Fink’s statement on Monday also alluded to numerous instances where speakers came to address concerns about violence and safety. She gave examples from the Nov. 11, 2021, board meeting, when a parent and teacher union representative came forward with such concerns.
Fink’s statement notes that, at that meeting, Chambers said she was “deeply uncomfortable with the community discussion around violence.” Fink sees this kind of rhetoric as a dangerous way of shutting-down critical conversations.
On the occasions when they have publicly broached the topic, Chambers and Edsall have both looked to forestall discussions about school violence, sometimes saying discussions of school violence represent “dog-whistling” – that is, racist discourse.
For the school board election last November, ELi surveyed community members on what questions they wanted ELi to ask candidates. A clear pattern emerged around issues of safety and violence. ELi consequently crafted and put this question to candidates:
“People in the East Lansing schools’ community are concerned about the safety of students, teachers and staff in our schools. They are also concerned about incidences of violence, fighting and bullying. What safety measures do you believe are needed to create safer learning environments in ELPS?”
In her response, Chambers wrote: “Let me take the rest of my space here to push back against the ‘dog whistle’ political use of the racially coded word ‘violence’ in this question. There is so much I love about this community, which is why I have invested so much in supporting our amazing team of students, teachers, and administrators. However, we can do better than this question and the political messaging it represents.”
Edsall sent a text to me, as Publisher of ELi, writing that the question, “plays to the white people who want cops back in our schools to keep the Black kids under control.” I responded that she could say that in her statement. She chose to provide no answers to ELi’s questions to candidates.
At last Friday’s listening session and Monday’s special board meeting, some shared the concern that conversations about violence and safety could have racist undertones. But at both sessions, several Black members of the community – students and adults – made clear they want the matters addressed openly and promptly and they’re tired of what they see as delays and obfuscations.
The statement from the 10 ex-trustees calls on the board to create a new advisory committee on school safety.
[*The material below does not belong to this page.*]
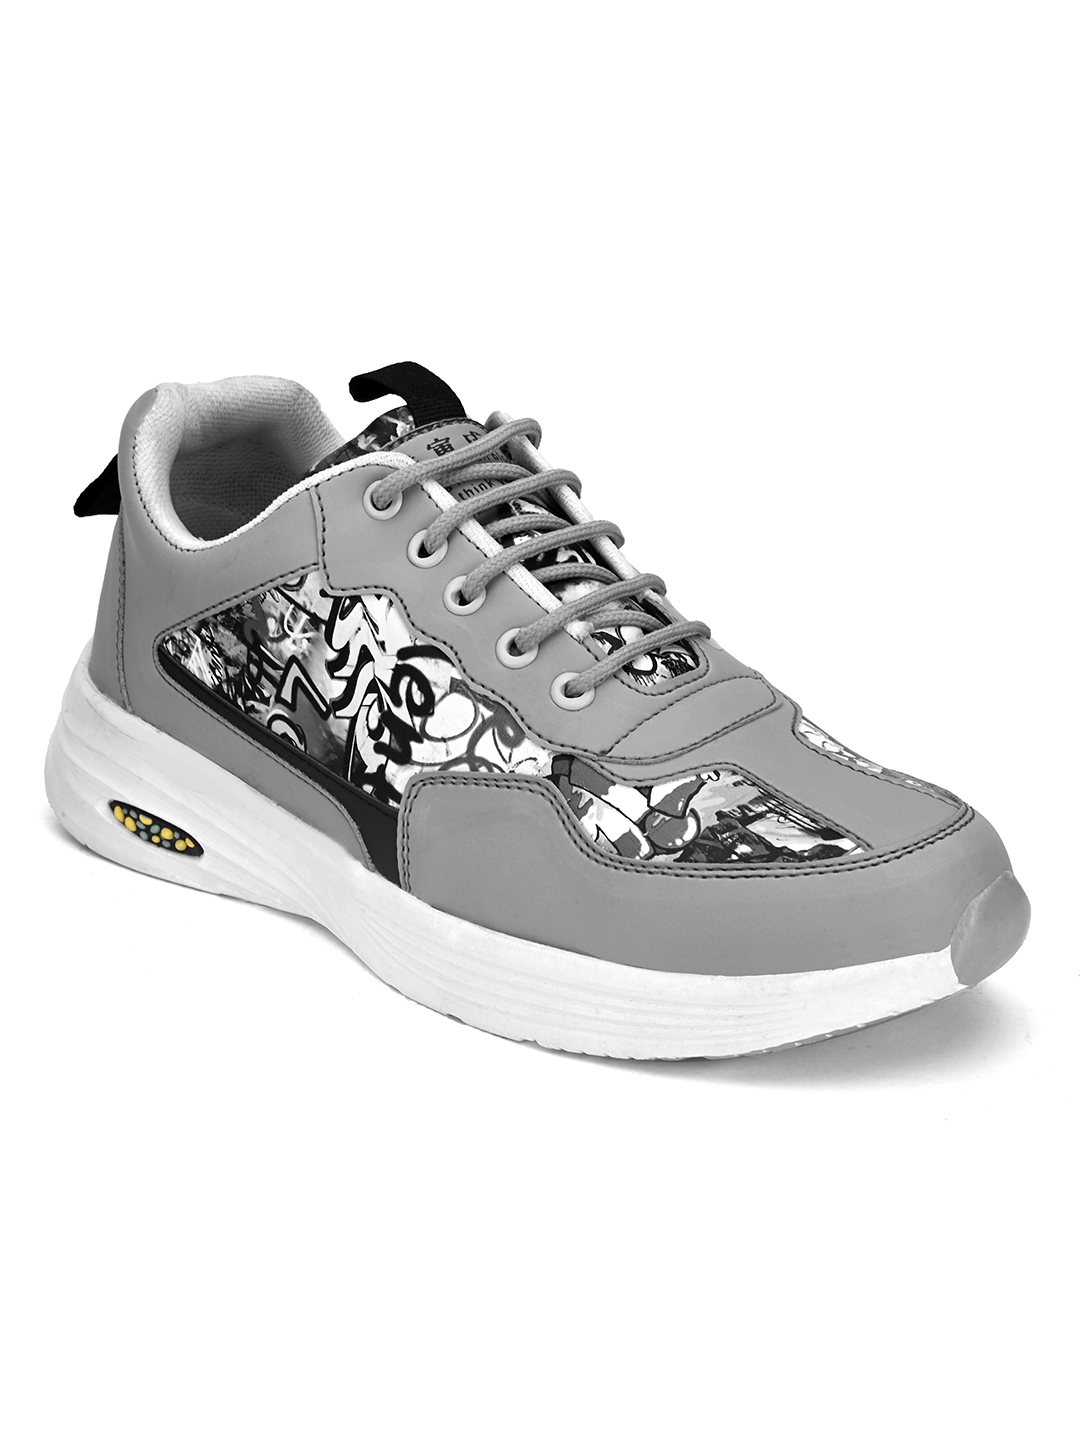 RAY J Grey Lace-Up Sneakers For Men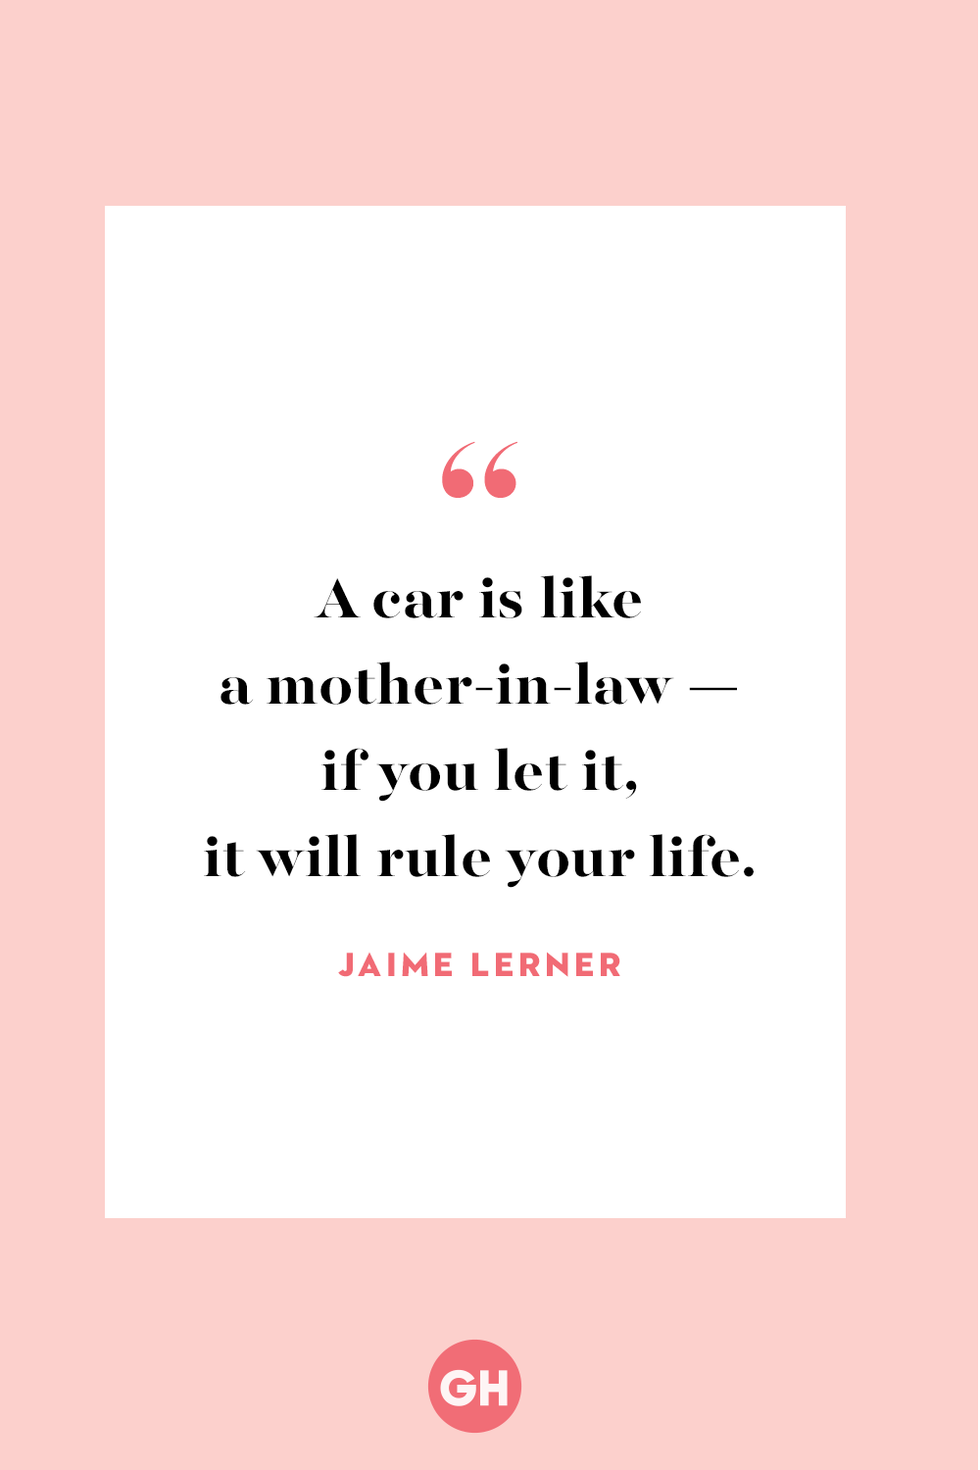 https://hips.hearstapps.com/hmg-prod/images/mother-in-law-quotes-jaime-lerner-640b8beeeb0d9.png?crop=1xw:1xh;center,top&resize=980:*

The group envisions the committee as being similar to the Advisory Committee on Sex Education and the Advisory Committee on Mental Health.
The board has not yet taken action on creation of such a committee. If it creates one, the board will have to decide who will get to choose the members of the committee and its charge.
Regardless of what the board decides about who holds that power, such a committee would be subject to Michigan’s Open Meetings Act.
Editor’s note: This updated version of the story corrects the reason Nichole Martin left the school board: Trustee Martin was not re-elected to the board.